On Aug 23, 12:24 am, Simon King <simon.k...@nuigalway.ie> wrote:
>
> So, over QQ, MMA is slightly faster, but over finite fields Sage
> clearly wins? That is already something worth pointing out.
>
I'm not a mma expert, but since they have no system in place to define
the ring it's noteworthy to stick the finger where it hurts ... Here
is another very simple one: multiply and add random boolean matrices:
sage: m1 = random_matrix(GF(2), 1000, 1000)

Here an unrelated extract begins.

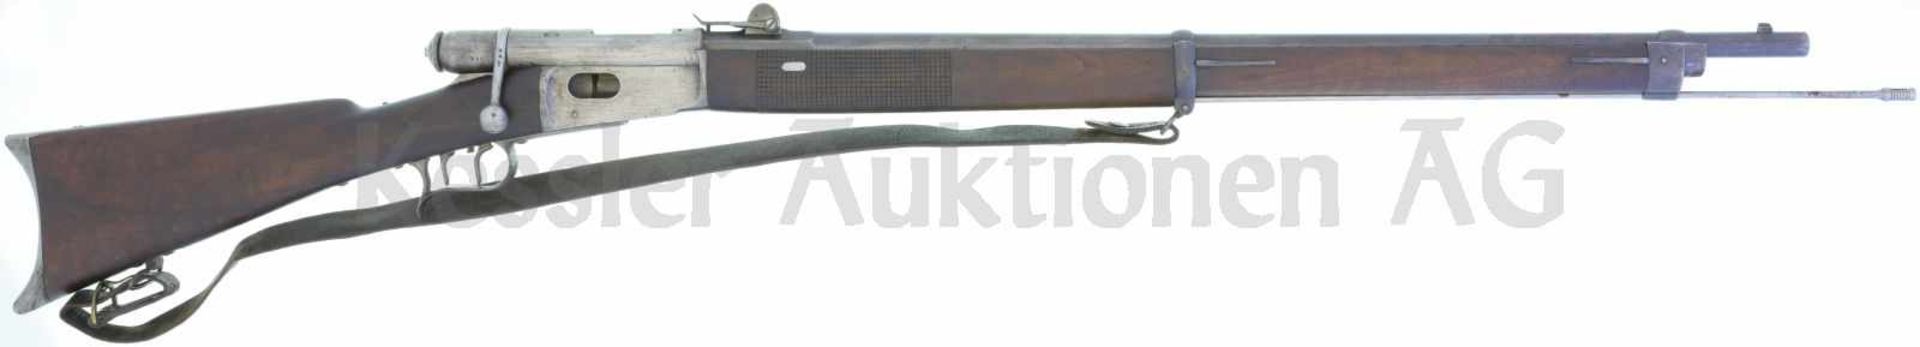 Scharfschützenstutzer, Repetiergewehr Vetterli M 1871, Montierwerkstätte Bern, Kal. 10.4mmVetterli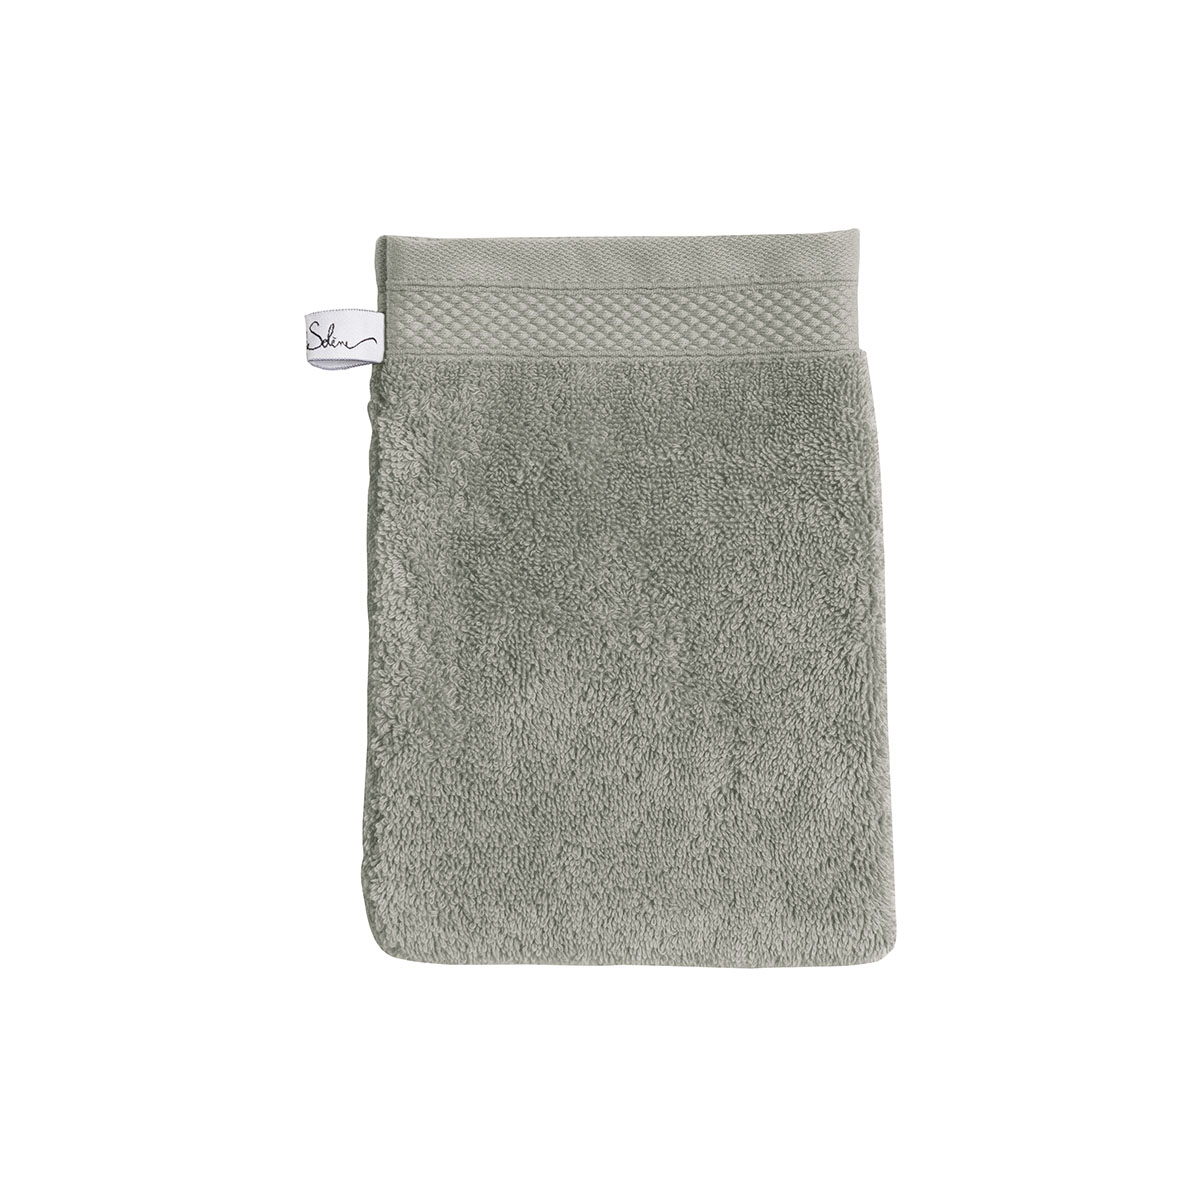 gant de toilette coton lichen 16x22 cm

sage: m2 = random_matrix(GF(2), 1000, 1000)
sage: %timeit 'm1 * m2'
10000000 loops, best of 3: 31.2 ns per loop
sage: %timeit 'm1 + m2'
10000000 loops, best of 3: 31.2 ns per loop
In[15]:= m1 := RandomInteger[{0,1},{1000, 1000}]
In[16]:= m2 := RandomInteger[{0,1},{1000, 1000}]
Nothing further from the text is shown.